With all the road construction going on there's no guarantee they'll be available on your timeline.

That said, I'd use pump jacks for that.
Stack two 24' poles, hang a big tarp off the top plank as vertical containment and forego the need for the cops.


----------



## epretot (Dec 17, 2011)

When I was in telecommunications, i shut lanes down daily. Of course, there are state laws identifying how far your signage has to be placed on either side of your project. Cones as well.

Your cop friend may be right, but not necessarily. Sometimes a oermit is required. I think a police detail can be circumvented with enough planning.


----------



## ewingpainting.net (Jun 2, 2008)

What is a police detail going to do? Just go to your city hall and request a lane closure. Rent cones and signs.


----------



## I paint paint (May 4, 2014)

daArch said:


> Get your signage cleaned and presentable. Great opportunity for exposure. As you know, Rte 1 is busy.


Put the signs up before and after the police detail. During the times when/if "you" are creating a traffic jam, you don't necessarily want it easy for everyone to see which specific contractor they are cursing at.

And of course they won't be cursing at the HO. The road rage idiots will blame you.


----------



## journeymanPainter (Feb 26, 2014)

Here in BC we have to buy a permit to shut the lane down for X amount of days, and working times.


----------



## mudbone (Dec 26, 2011)

epretot said:


> When I was in telecommunications, i shut lanes down daily. Of course, there are state laws identifying how far your signage has to be placed on either side of your project. Cones as well.
> 
> Your cop friend may be right, but not necessarily. Sometimes a oermit is required. I think a police detail can be circumvented with enough planning.


Cones or doughnuts seem to work extremely well.:whistling2:


----------



## dan-o (Sep 28, 2008)

ewingpainting.net said:


> What is a police detail going to do? Just go to your city hall and request a lane closure.
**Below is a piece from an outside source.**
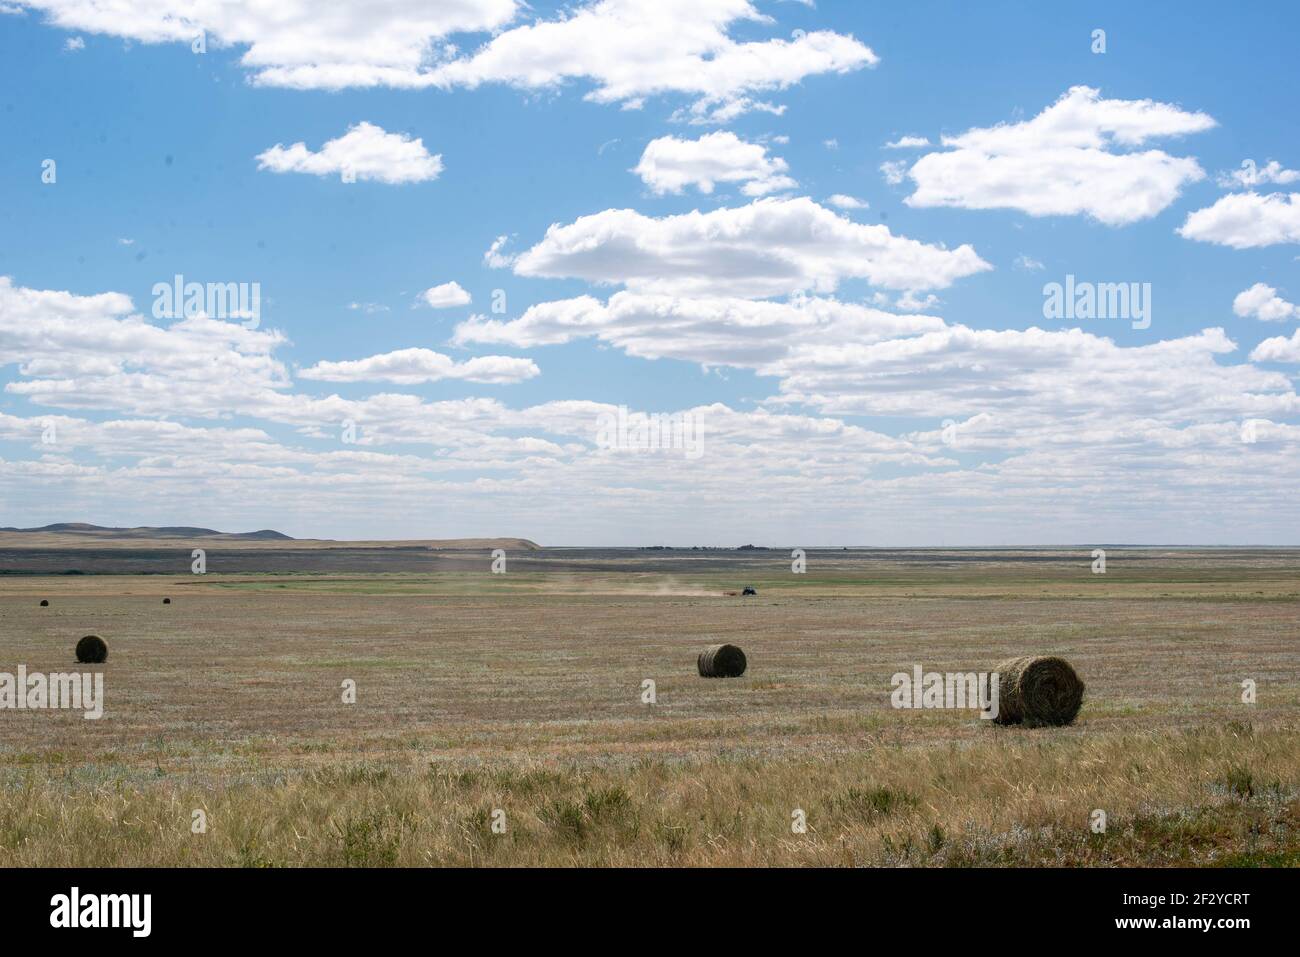 A herd of cattle grazing on a dry grass field Stock Photo

Rent cones and signs.


MA state law.
If working in high foot traffic area they are sometimes required for sidewalk closures.


----------



## ewingpainting.net (Jun 2, 2008)

dan-o said:


> MA state law.
> If working in high foot traffic area they are sometimes required for sidewalk closures.


What do they do?

California even downtown San Diego, permit to close a lane and sidewalk, signs and cones, thats all it is needed


----------



## Boco (May 18, 2013)

Here in NY I would have to sub it out. No cop needed but the insurance is a killer. No insurance or (DOT#). No permit. That is if you need to close a lane.


----------



## Epoxy Pro (Oct 7, 2012)

dan-o said:


> MA state law.
> If working in high foot traffic area they are sometimes required for sidewalk closures.


I was told that about an hour ago. School zone (Schools about a half mile away) and closing a sidewalk and half a lane. We have to have one. Plus it's a corner lot.

I still need to pull permits, since it's not road construction I have to leave sidewalks passable from 6:30-7:30 then again between 2 and 3. Regardless if we use ladders, lifts or pumps.

I know the cost is on the home owners not us.


----------



## SemiproJohn (Jul 29, 2013)

CD,

I was just wondering if you really need the hassle of this job. You seem really busy, so why not just let this one go?


----------



## dan-o (Sep 28, 2008)

ewingpainting.net said:


> What do they do?


They'll shut you down.
BS but it's a PD union thing sold as 'public safety'.
Cop friends of mine get OT pay equal to/exceeding their standard pay by working these details.


----------



## stelzerpaintinginc. (May 9, 2012)

Vertical containment not an option here Dave? Might be a PITA, but has to be cheaper than cop detail.


----------



## ewingpainting.net (Jun 2, 2008)

dan-o said:


> They'll shut you down.
> BS but it's a PD union thing sold as 'public safety'.
> Cop friends of mine get OT pay equal to/exceeding their standard pay by working these details.


Shhh don't tell California


----------



## Epoxy Pro (Oct 7, 2012)

SemiproJohn said:


> CD,
> 
> I was just wondering if you really need the hassle of this job. You seem really busy, so why not just let this one go?


I am willing to bet we will be out of their price range. I'm not going to just toss a high number I will give them the real price. This one may have to be scheduled for next season other wise we will pass.


----------



## Epoxy Pro (Oct 7, 2012)

stelzerpaintinginc. said:


> Vertical containment not an option here Dave? Might be a PITA, but has to be cheaper than cop detail.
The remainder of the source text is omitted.